# Parseval's theorem

In mathematics, Parseval's theorem  usually refers to the result that the Fourier transform is unitary; loosely, that the sum (or integral) of the square of a function is equal to the sum (or integral) of the square of its transform. It originates from a 1799 theorem about series by Marc-Antoine Parseval, which was later applied to the Fourier series. It is also known as Rayleigh's energy theorem, or Rayleigh's Identity, after John William Strutt, Lord Rayleigh.

Although the term "Parseval's theorem" is often used to describe the unitarity of any Fourier transform, especially in physics and engineering, the most general form of this property is more properly called the Plancherel theorem.

## Statement of Parseval's theorem

Suppose that A(x) and B(x) are two square integrable (with respect to the Lebesgue measure), complex-valued functions on R of period 2π with Fourier series

$A(x)=\sum _{n=-\infty }^{\infty }a_{n}e^{inx}$ and

$B(x)=\sum _{n=-\infty }^{\infty }b_{n}e^{inx}$ respectively. Then

$\sum _{n=-\infty }^{\infty }a_{n}{\overline {b_{n}}}={\frac {1}{2\pi }}\int _{-\pi }^{\pi }A(x){\overline {B(x)}}\,dx,$ where i is the imaginary unit and horizontal bars indicate complex conjugation.

More generally, given an abelian topological group G with Pontryagin dual G^, Parseval's theorem says the Pontryagin–Fourier transform is a unitary operator between Hilbert spaces L2(G) and L2(G^) (with integration being against the appropriately scaled Haar measures on the two groups.) When G is the unit circle T, G^ is the integers and this is the case discussed above. When G is the real line R, G^ is also R and the unitary transform is the Fourier transform on the real line. When G is the cyclic group Zn, again it is self-dual and the Pontryagin–Fourier transform is what is called discrete Fourier transform in applied contexts.

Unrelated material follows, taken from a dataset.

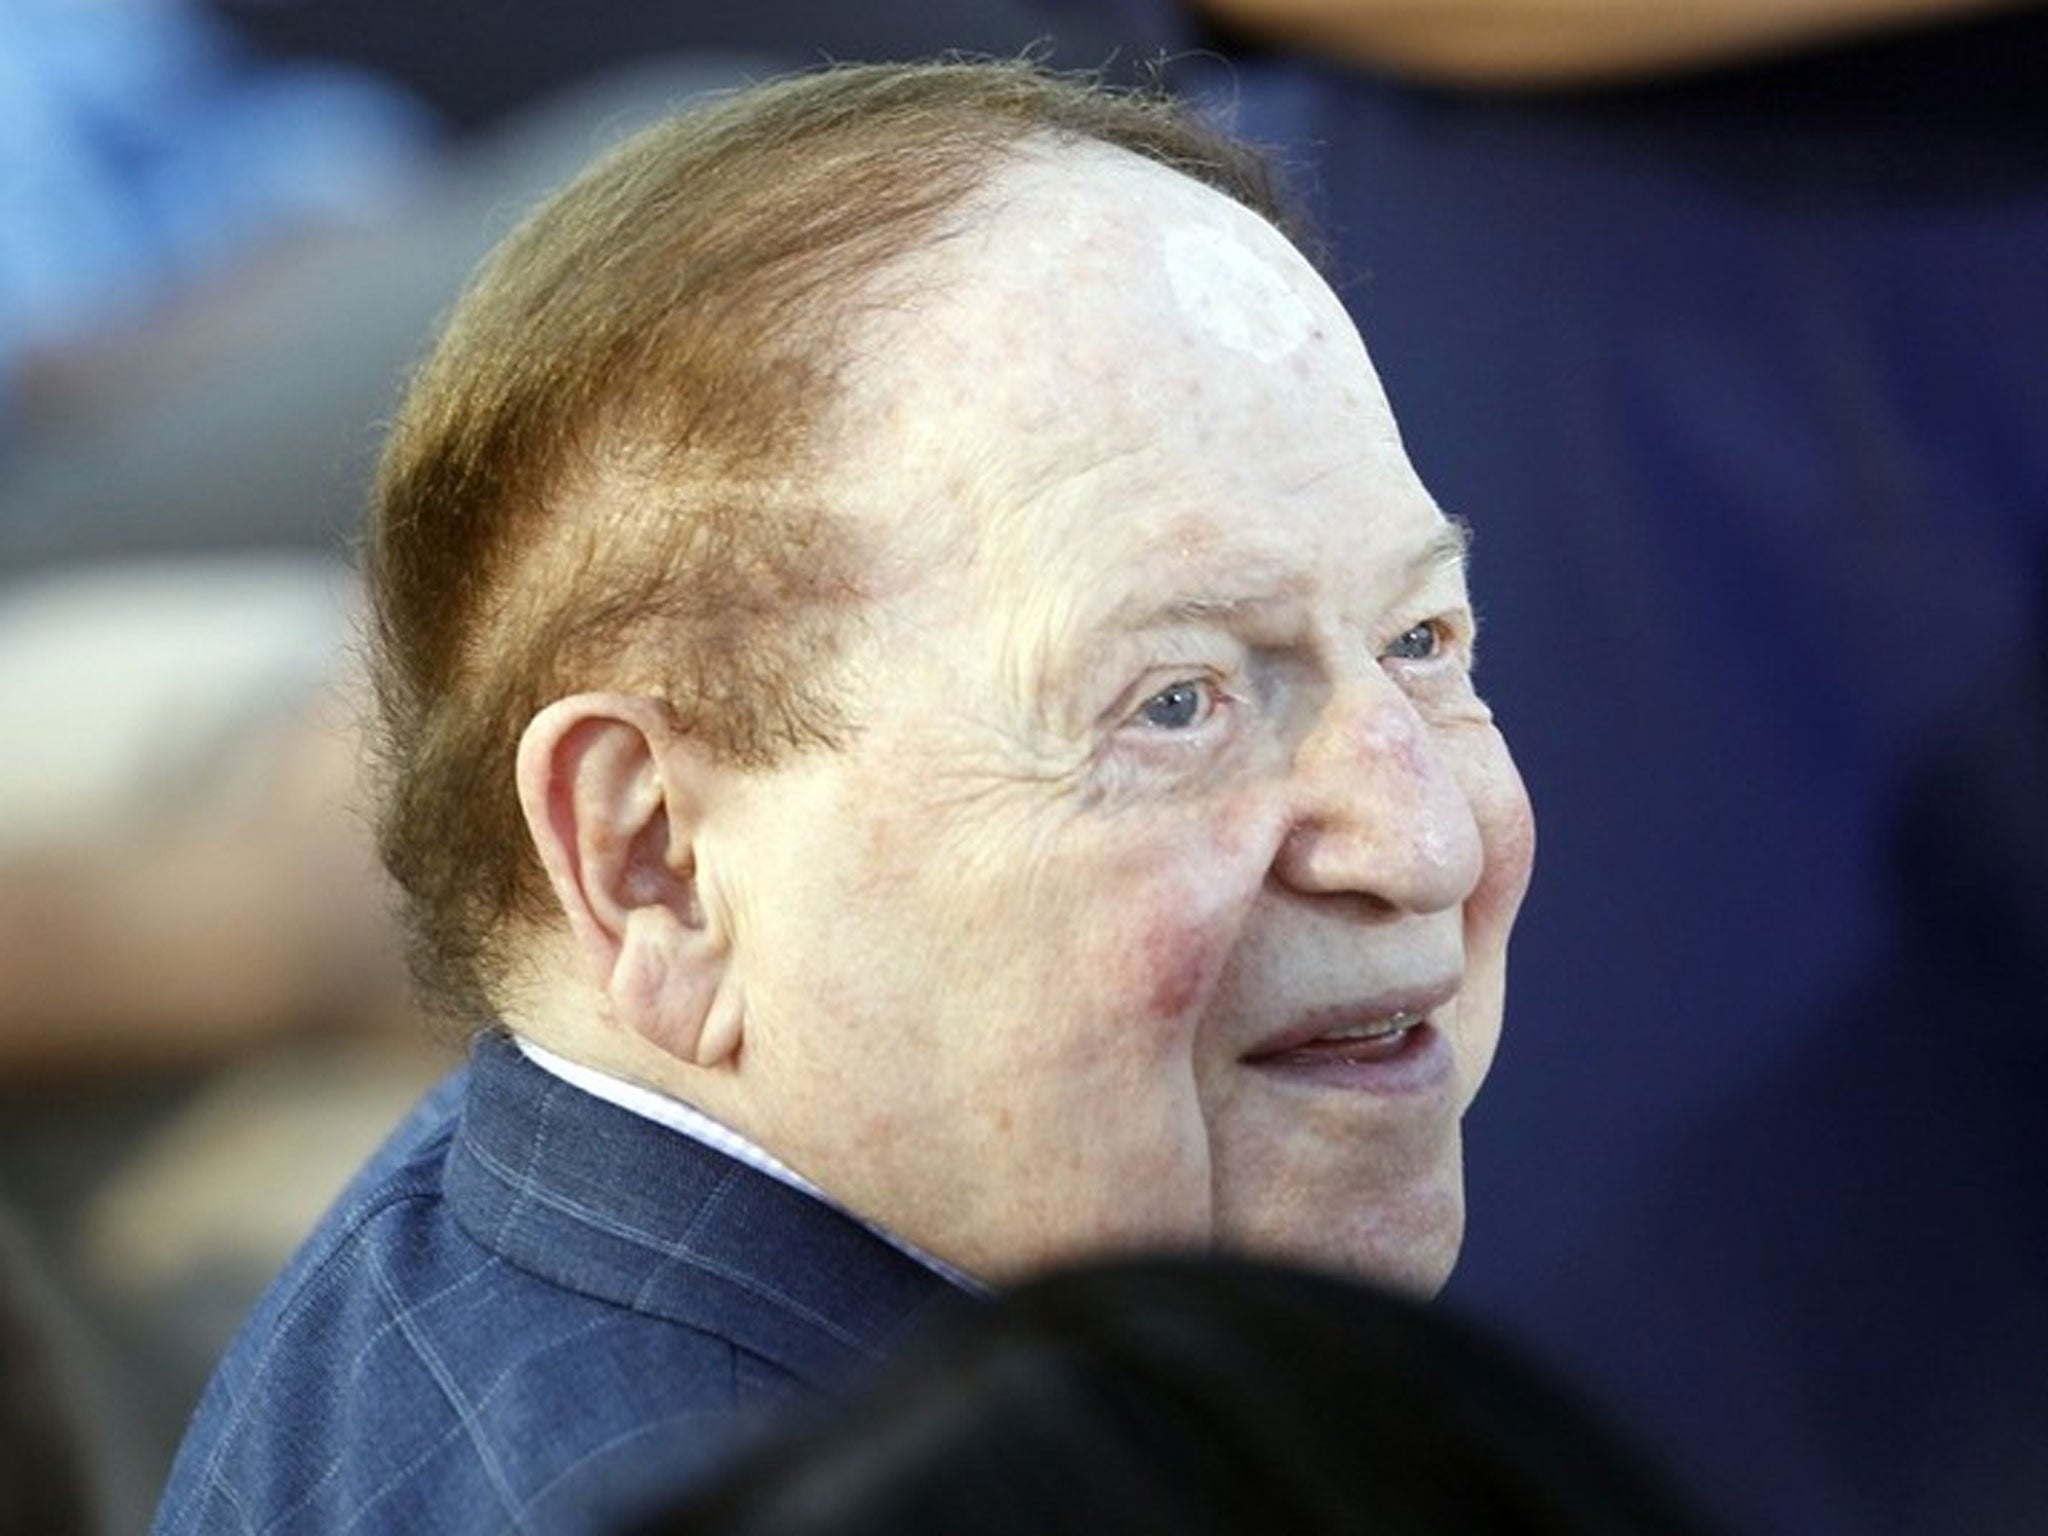 Billionaire casino tycoon Sheldon Adelson’s fortune sank by the most of any Trump donor
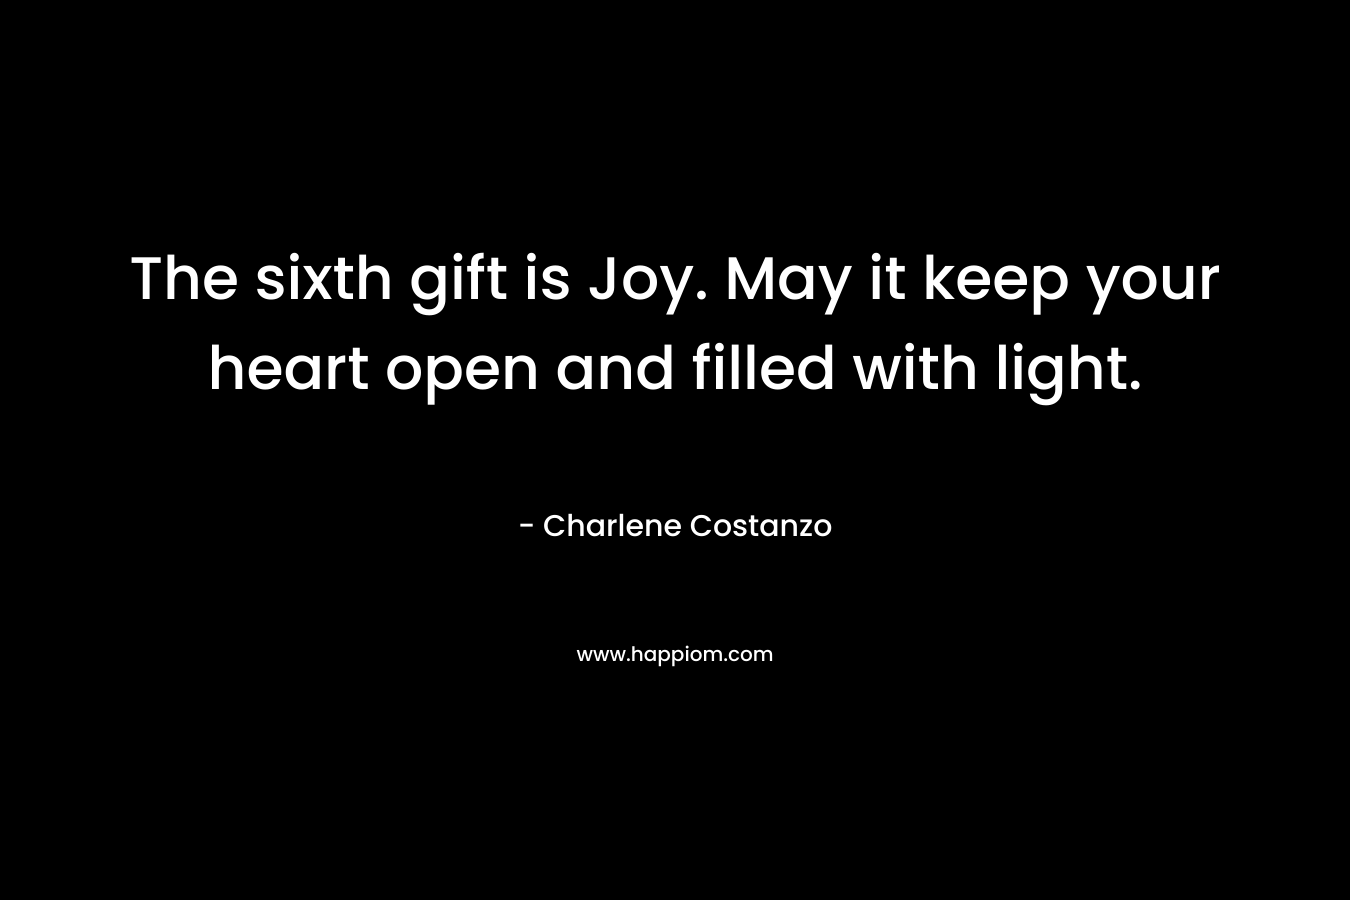 The sixth gift is Joy. May it keep your heart open and filled with light. – Charlene Costanzo

## Notation used in engineering and physics

In physics and engineering, Parseval's theorem is often written as:

$\int _{-\infty }^{\infty }|x(t)|^{2}\,dt=\int _{-\infty }^{\infty }|X(f)|^{2}\,df$ where $X(f)={\mathcal {F}}\{x(t)\}$ represents the continuous Fourier transform (in normalized, unitary form) of x(t) and f represents the frequency component (not angular frequency) of x.

The interpretation of this form of the theorem is that the total energy contained in a waveform x(t) summed across all of time t is equal to the total energy of the waveform's Fourier Transform X(f) summed across all of its frequency components f.

For discrete time signals, the theorem becomes:

$\sum _{n=-\infty }^{\infty }|x[n]|^{2}={\frac {1}{\pi }}\int _{-\pi }^{\pi }|X(e^{i\phi })|^{2}d\phi$ where X is the discrete-time Fourier transform (DTFT) of x and Φ represents the angular frequency (in radians per sample) of x.

Alternatively, for the discrete Fourier transform (DFT), the relation becomes:

$\sum _{n=0}^{N-1}|x[n]|^{2}={\frac {1}{N}}\sum _{k=0}^{N-1}|X[k]|^{2}$ where X[k] is the DFT of x[n], both of length N.